Studies were located using a multi-step search of the literature consisting of (a) an electronic search of four databases: PsycINFO, Education Resources Information Center, PsycARTICLES, ProQuest; (b) a search of the tables of contents (print and online only) of relevant journals; and (c) an ancestral search of the reference lists of articles included in this review. The databases were searched with the Boolean terms (autis*) or (ASD) or (Asperger*) or (developmental disability) or (developmental delay*) or (pervasive developmental delay) or (PDD) and (direct instruction) or (Direct Instruction) or (scripted instruction) or (explicit instruction) or (systematic instruction). The search was restricted to articles written in English and between the years of 1970 and 2013 in peer-reviewed journals. Tables of contents of relevant journals were searched using the following criteria for inclusion of an article for additional review: (1) the title must include the term autism or developmental disability; (2) the title must include a reference to direct, explicit, systematic, or scripted instruction; and (3) the title must not indicate the article is a review or meta-analysis. Forty-five manuscripts were located via the database search and table-of-contents search of relevant journals. Each manuscript was then evaluated using the inclusion process and criteria described below.

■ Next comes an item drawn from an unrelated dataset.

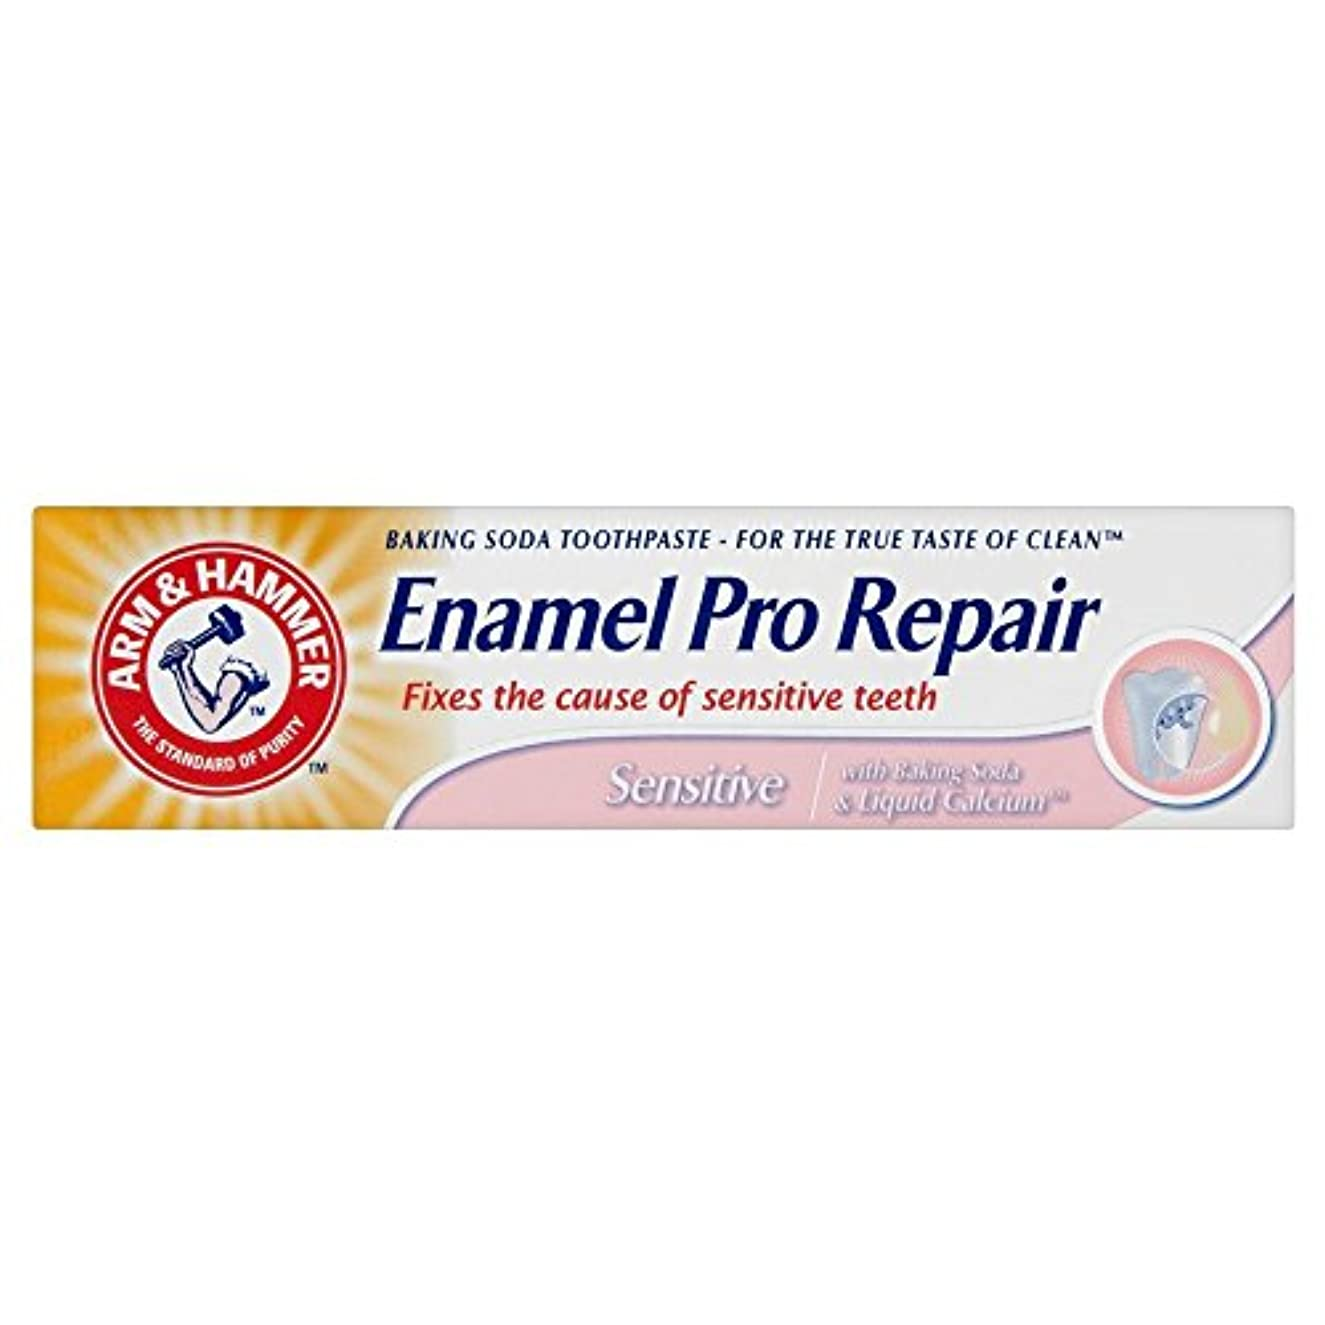 機構講堂飼いならすArm & Hammer Enamel Care Sensitive Toothpaste Tube (75ml) アームとハンマーエナメルケア敏感歯磨き粉のチューブ( 75ミリリットル) [並行輸入品]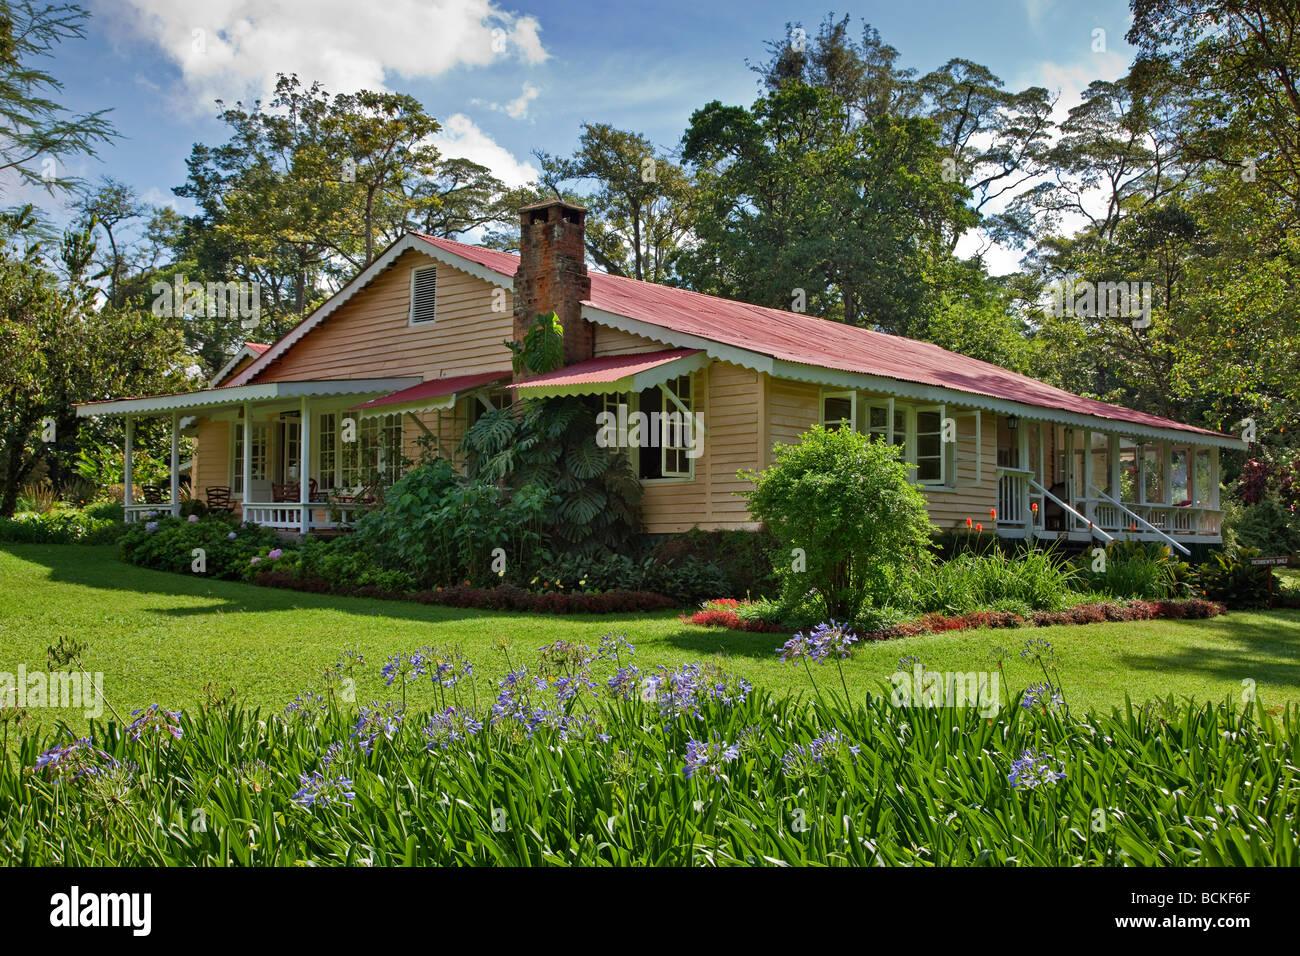 Kenya. El edificio principal de Rondo Retreat situado en unos bonitos jardines, en la selva tropical de Kakamega, Kenia occidental. Foto de stock

Inclusion Process and Criteria

The first author reviewed the title, abstract, and method section of each of the 45 manuscripts to assess for the following criteria:

  1. 1.

    Participants had to have an ASD diagnosis. If participants with and without an ASD diagnosis were involved in the study, the data needed to be disaggregated by disability category.

  2. 2.

    The independent variable had to be a published, explicit, and systematic scripted program. Studies that called the independent variable “direct instruction” were excluded if the instructional program was not formally published.

  3. 3.

    The research design had to be experimental or quasi-experimental. Group and single-case design studies were included. Studies had to be published in English in a peer-reviewed journal. There was no restriction on date of publication.

Nine of the 45 studies met the inclusion criteria listed above. The researchers then conducted an ancestral search of the nine included studies by reviewing the titles in reference lists from each study and applying the aforementioned criteria for evaluating article titles. No additional articles were retrieved via ancestral search.

Study Information

The nine studies were summarized based on the following characteristics: participant (e.g., age, gender, assessment information) and setting (e.g., public or private institution, instructor), measures, program and procedures, design, and findings. The first, second, and third authors extracted the relevant information from each study and populated a table (see Table 1); the fifth author checked the accuracy of each cell within the table. All discrepancies were discussed until all authors reached 100 % consensus on the information included within the table.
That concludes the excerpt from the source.